GOAL OF THE EXERCISE: Each line in the records below that has the word "approx" should be copied.

MATERIAL PROVIDED:
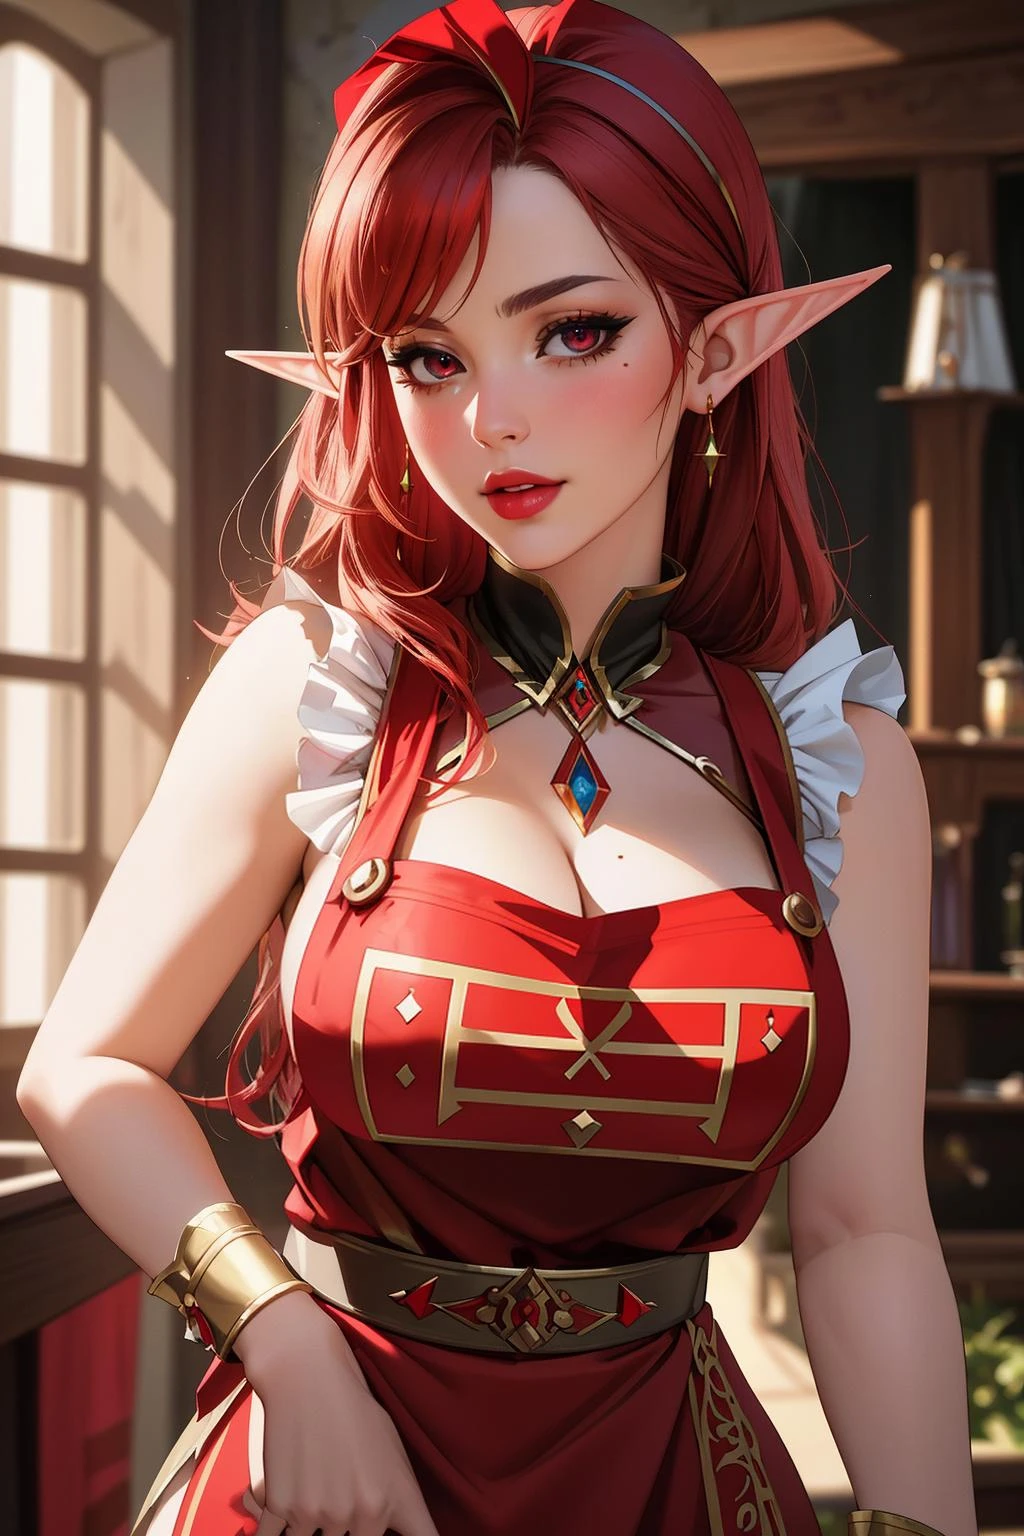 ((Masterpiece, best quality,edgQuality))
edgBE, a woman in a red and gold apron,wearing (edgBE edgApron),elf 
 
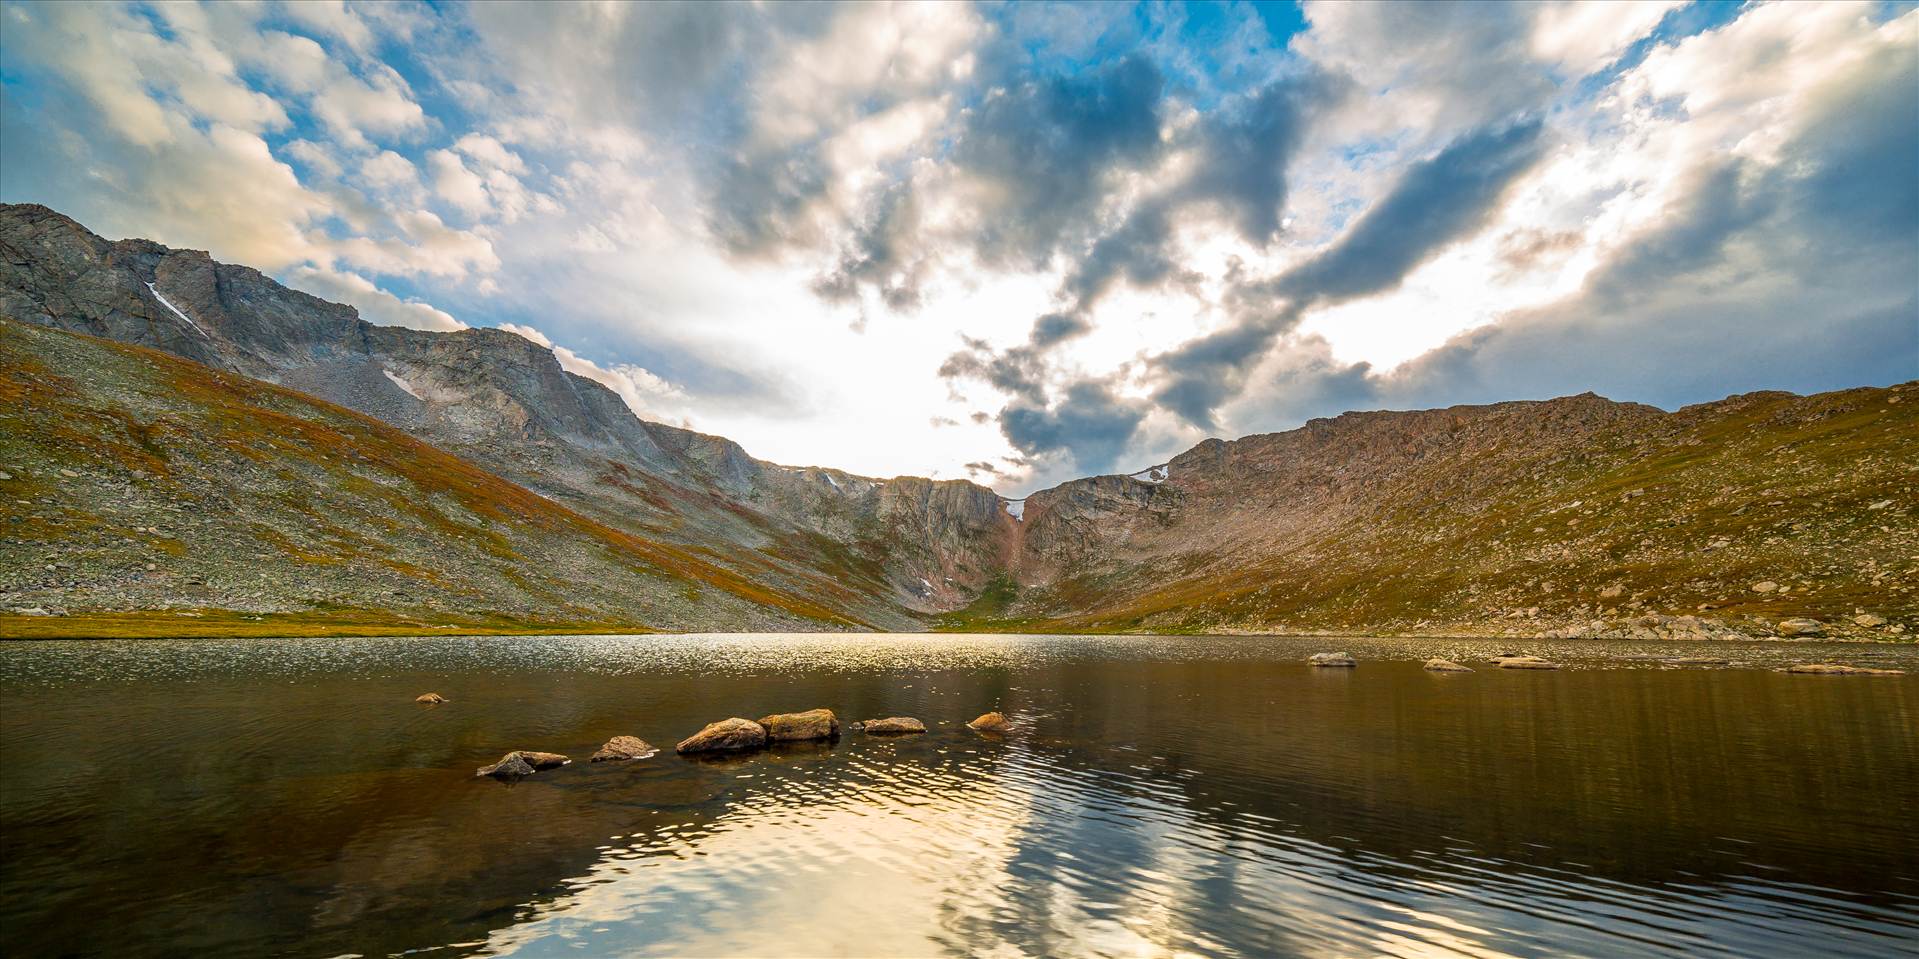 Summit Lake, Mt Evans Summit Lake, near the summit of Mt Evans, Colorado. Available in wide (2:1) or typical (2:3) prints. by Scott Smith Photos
--
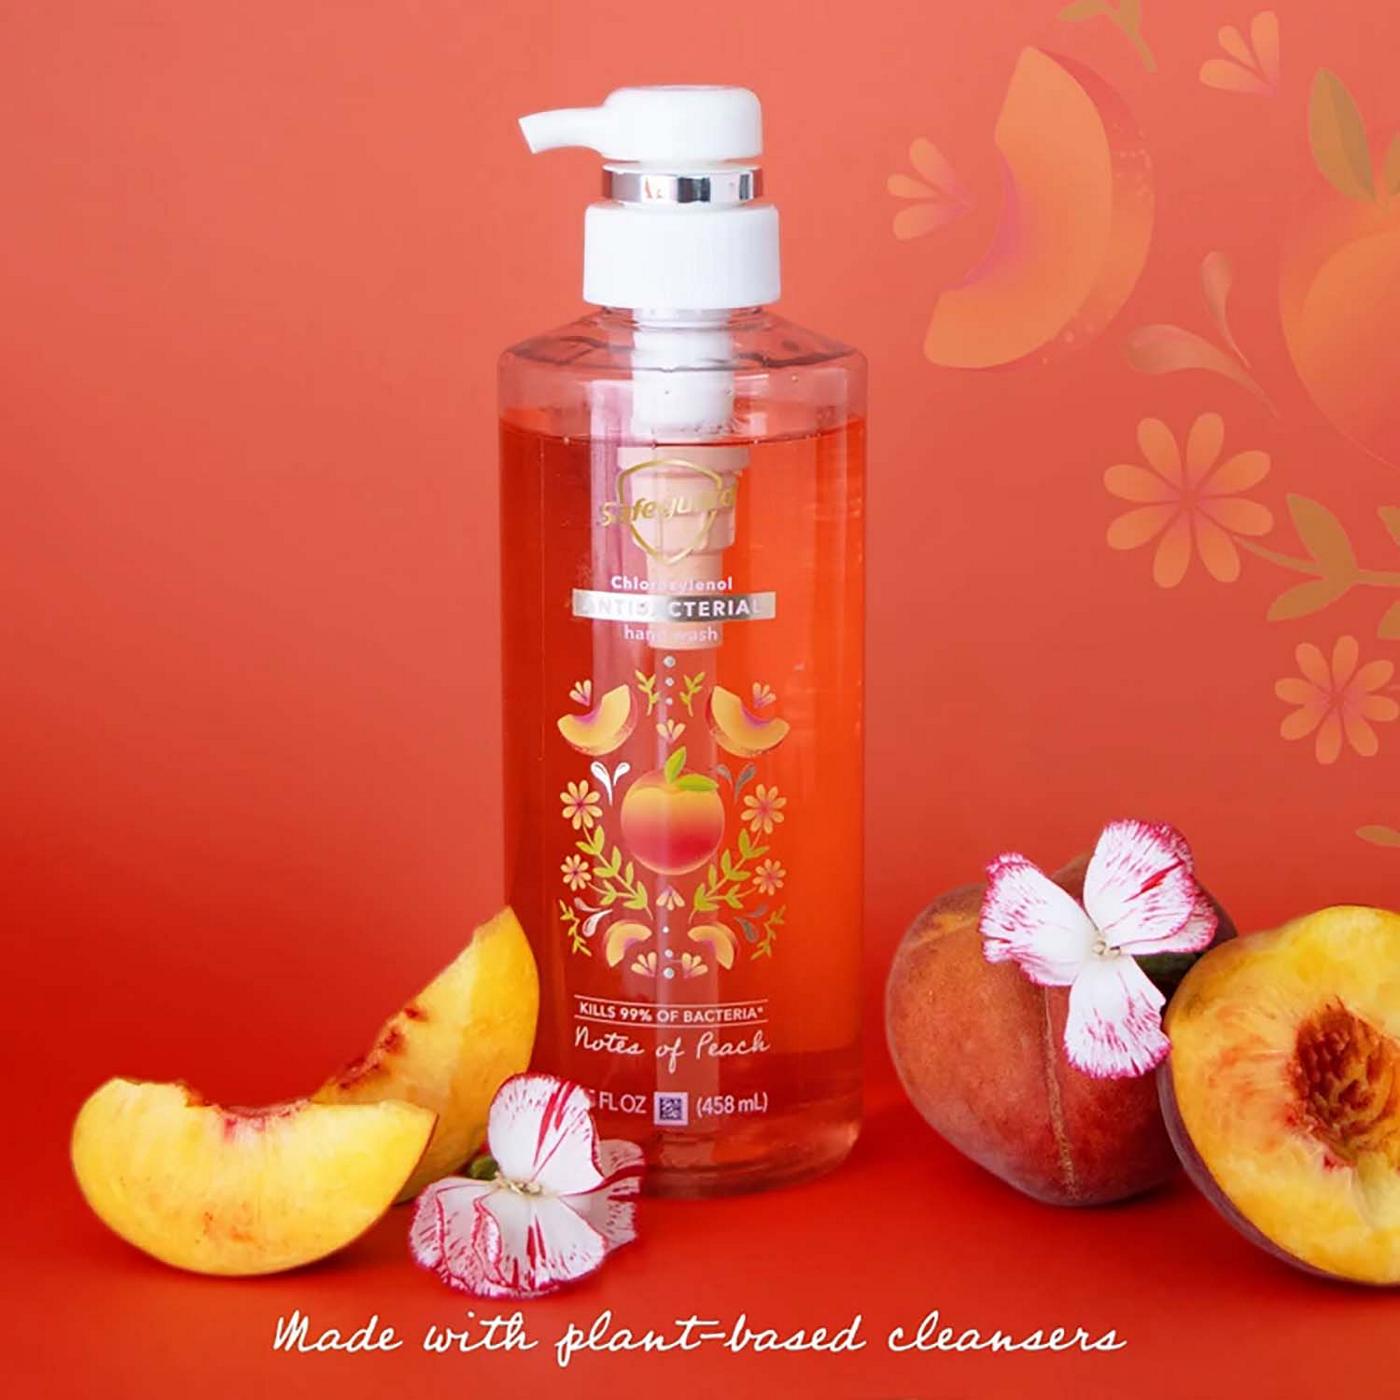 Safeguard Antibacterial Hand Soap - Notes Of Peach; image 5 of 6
* * *
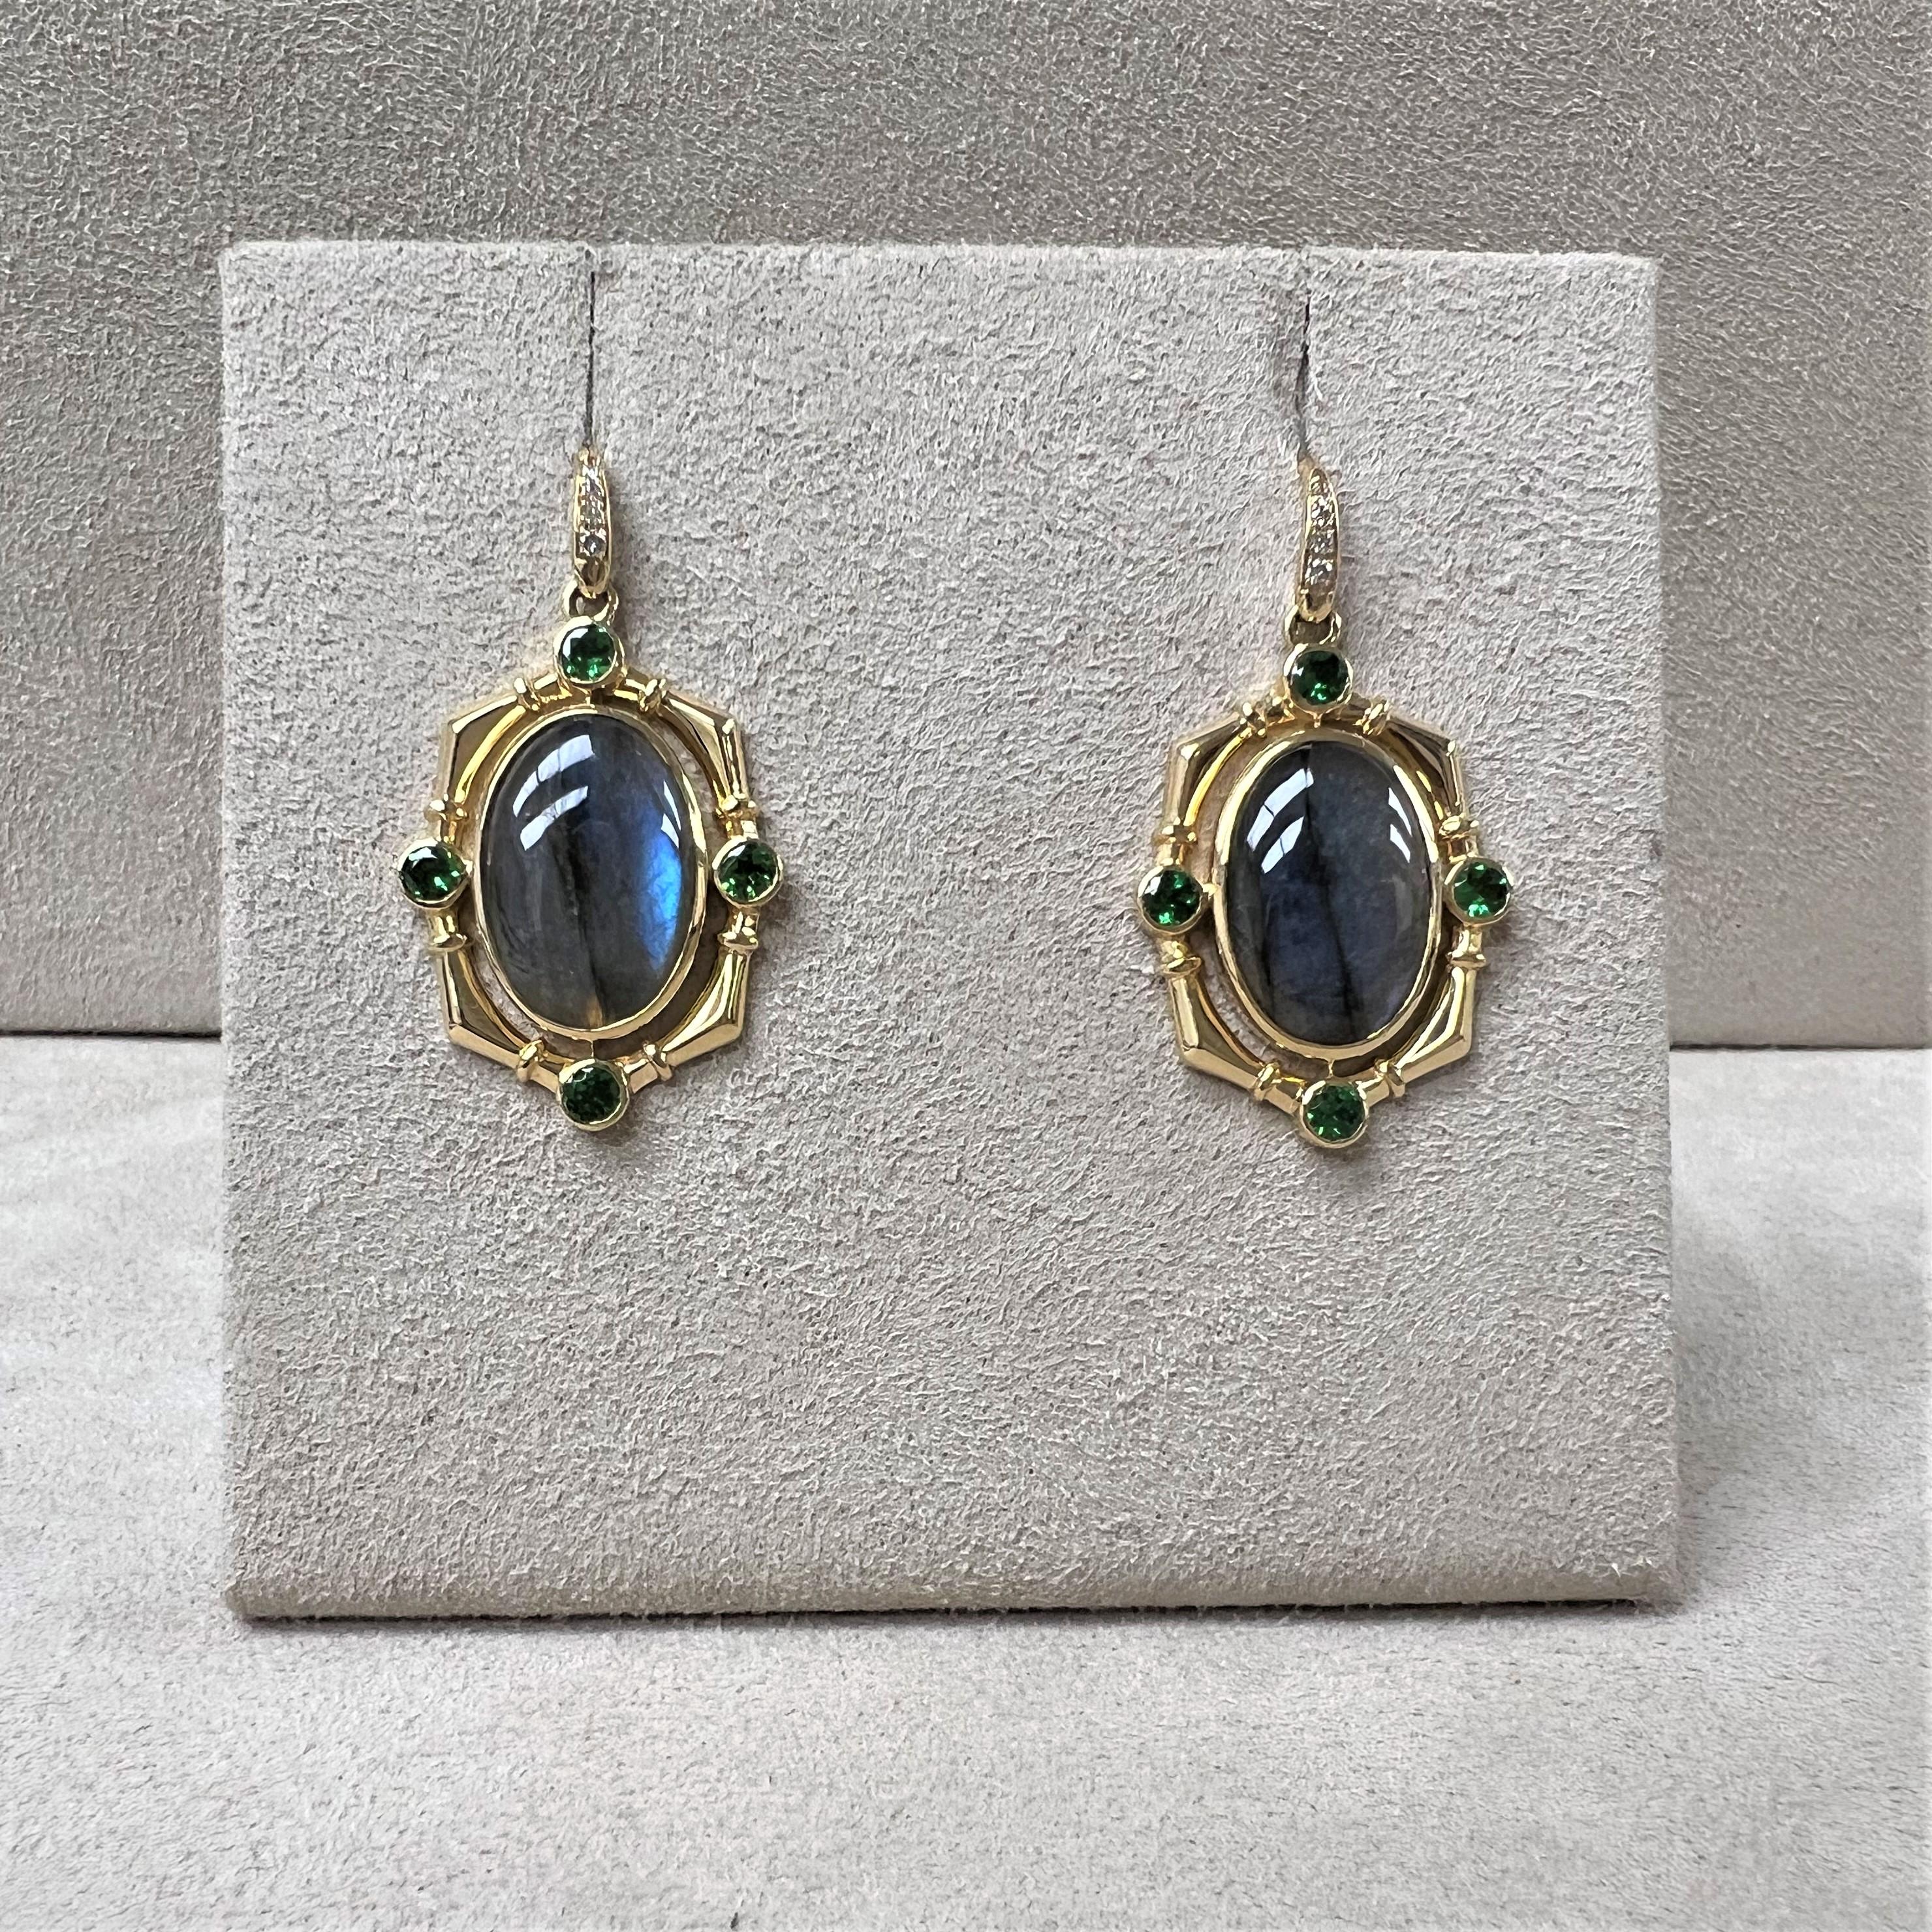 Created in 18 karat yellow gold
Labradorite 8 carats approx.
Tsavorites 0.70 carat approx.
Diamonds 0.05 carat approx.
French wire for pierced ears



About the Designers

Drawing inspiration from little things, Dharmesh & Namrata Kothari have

YOUR SOLUTION:
Labradorite 8 carats approx.
Tsavorites 0.70 carat approx.
Diamonds 0.05 carat approx.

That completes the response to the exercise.